ФОЛЬКЛОРИСТИКА
И.М. Нуриева
Удмуртский институт истории, языка, литературы УрО РАН, Ижевск
О северноудмуртских причитаниях-импровизациях (по материалам удмуртской лингвистической экспедиции 1929 г.)
Аннотация: Статья посвящена малоизученному в удмуртской фольклористике жанру причитаний. Текстологический анализ архивного материала фольклор-но-лингвистической экспедиции Удмуртского научно-исследовательского института 1929 г. позволил классифицировать имеющиеся образцы причитаний, а также поставить проблемы народной терминологии и типа речи в удмуртских причитаниях.
The article is devoted to less studied in Udmurt folkloristic genre of laments. The textual analyses of archive materials of field work (1929) of Udmurt Science Researcher Institute allows to classify all patterns of Laments in the manuscript, and to put problems of folk terms and type of language of Udmurt Laments.

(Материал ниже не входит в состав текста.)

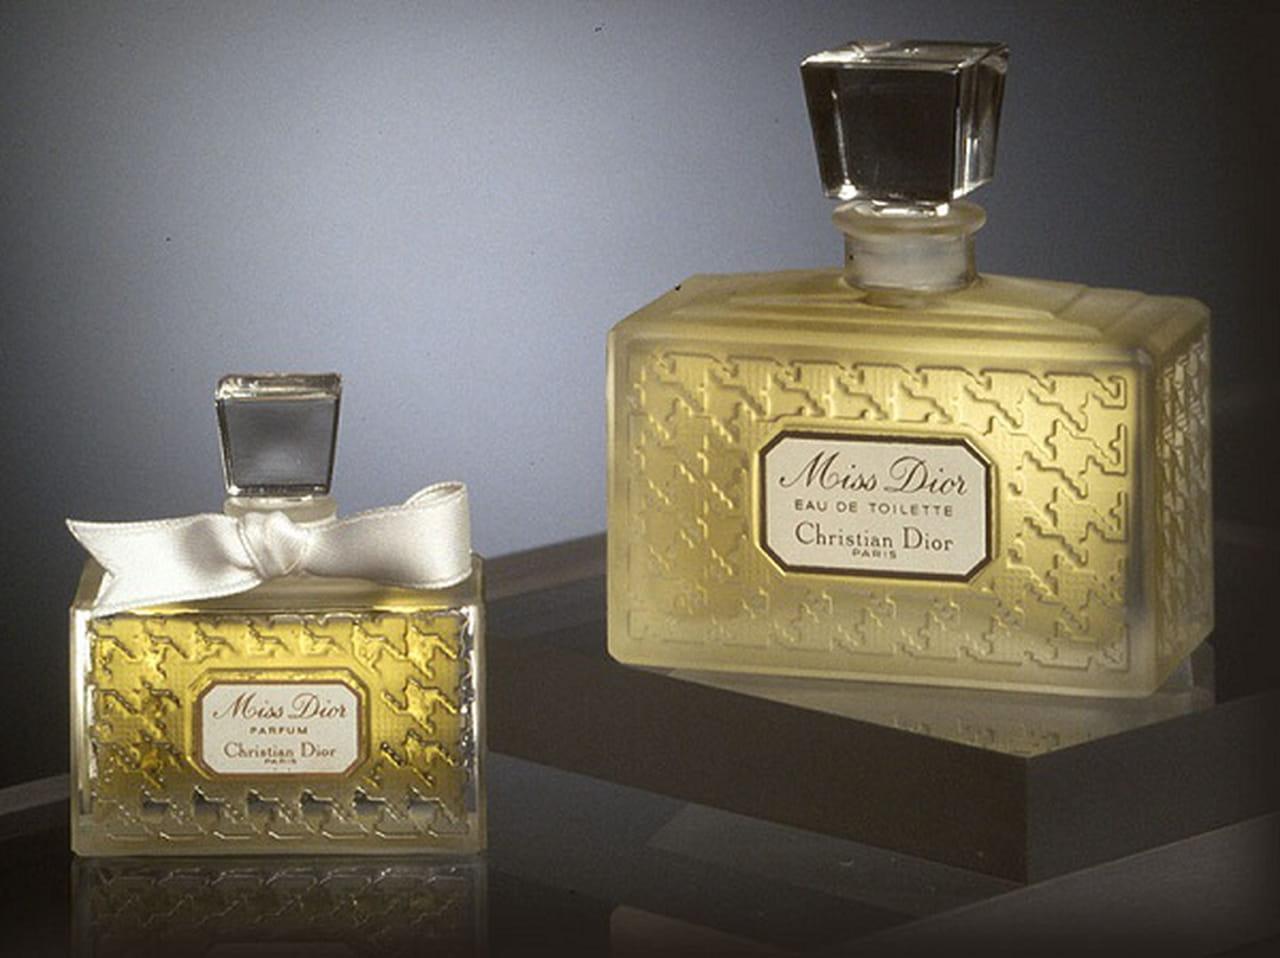 7bac6ce00 عطر Miss Dior شذى الحب في زجاجة

Ключевые слова: внеобрядовая импровизация, крезь, причитание.
Non ritual improvisation, krez, Lament.
УДК: 783.
Контактная информация: Ижевск, ул. Ломоносова, 4, УИИЯЛ УрО РАН. Тел. (3412) 687870.
В удмуртской фольклористике за последние пятьдесят лет накоплен достаточно солидный материал по песенным жанрам северных удмуртов и бесермян. Собранные образцы песенного фольклора опубликованы в сборнике И.К. Травиной «Удмуртские народные песни» [Травина, 1964], в отдельном томе антологии удмуртского фольклора М.Г. Ходыревой «Песни северных удмуртов» [Ходырева, 1996]. Однако по сравнению с южноудмуртским регионом северная музыкально-песенная традиция очень скудно представлена более ранними источниками - записями собирателей, краеведов, ученых-лингвистов, этнографов. Исключение составляет блестящая серия работ исследователя археологии, этнографии и фольклора Вятской губернии Н.Г. Первухина «Эскизы преданий и быта инородцев Глазовского уезда», в одном из которых приведены тексты различных жанров песен северных удмуртов [Первухин, 1888].
Тем более ценными для удмуртской фольклористики является записи лингвистической экспедиции 1929 года, хранящиеся в рукописном фонде научно-отраслевого архива УИИЯЛ УрО РАН (рукописный фонд 2-Н, дело № 336).1 К сожалению, за редким исключением, эти записи до сих пор не вошли в научный оборот, хотя даже самое поверхностное ознакомление с ними показывает их значимость для лингвистики и фольклористики. Руководил той экспедицией Дмитрий Владимирович Бубрих (1890-1949) - выдающийся советский финно-угровед, член-корреспондент АН СССР. Характеризуя ту экспедицию, он спустя год напишет: «Удмуртская лингвистическая экспедиция состоялась по инициативе и на средства Удмуртского Обоно летом 1929 г. Благоприятные условия работы, в ча-
1 Далее: [Материалы лингвистической экспедиции].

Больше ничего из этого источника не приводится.